1. Tutorial Introduction

The DiffVox project was jointly released in May 2025 by a research team from Sony AI, Sony Corporation, and Queen Mary University of London. The core capability of this model lies in its advanced inference-time optimization method and innovative introduction of Gaussian prior constraints. This allows it to intelligently transform a raw human voice recording into high-quality audio that audibly approximates the target reference and conforms to professional mixing standards in terms of parameters. It is an advanced model focused on human voice style transfer, and the related paper is titled "...".DiffVox: A Differentiable Model for Capturing and Analysing Vocal Effects Distributions"(Received by DAFx25)" and "Improving Inference-Time Optimisation for Vocal Effects Style Transfer with a Gaussian Prior(Accepted by WASPAA 2025).

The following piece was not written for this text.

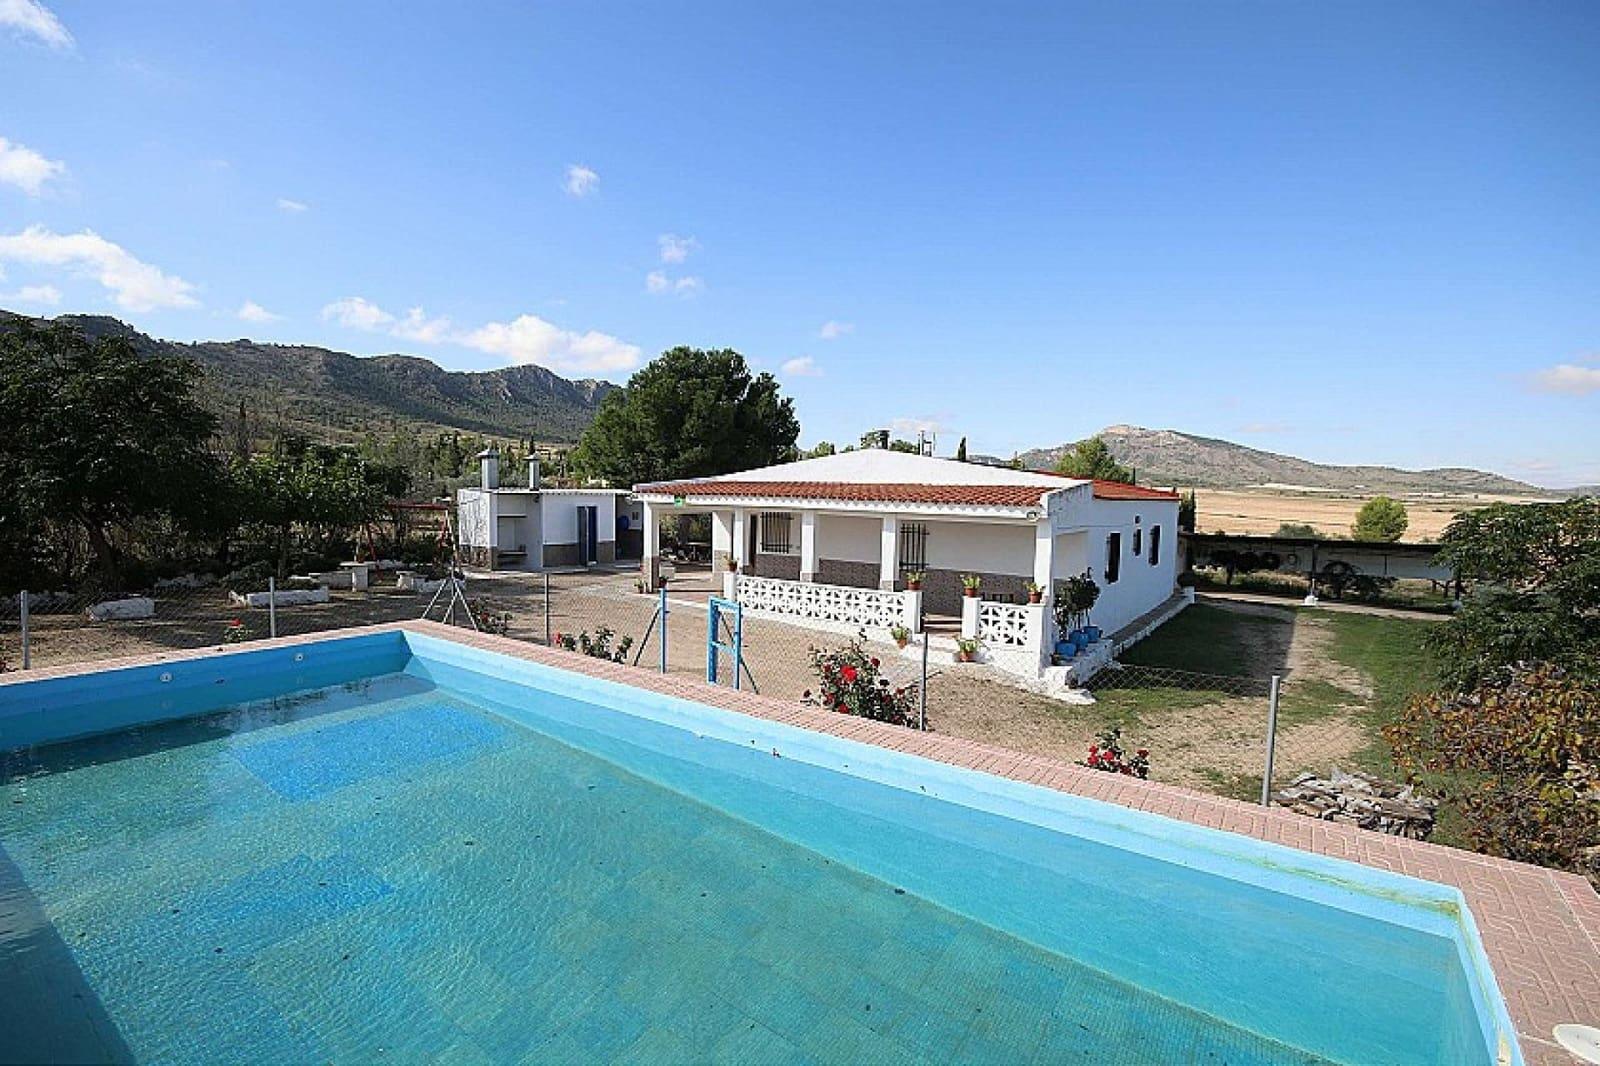 5 bedroom Villa for sale in Yecla with garage - € 119,995 (Ref: 5378446)

This tutorial uses a single RTX 5090 graphics card as the default resource, but a minimum single RTX 4090 graphics card can be used to start the program.

2. Project Examples

3. Operation steps

1. Start the container

2. After entering the webpage, you can use the model

If "Bad Gateway" is displayed, it means the model is initializing. Please wait 2-3 minutes and refresh the page. When using Safari, audio may not play directly and needs to be downloaded first.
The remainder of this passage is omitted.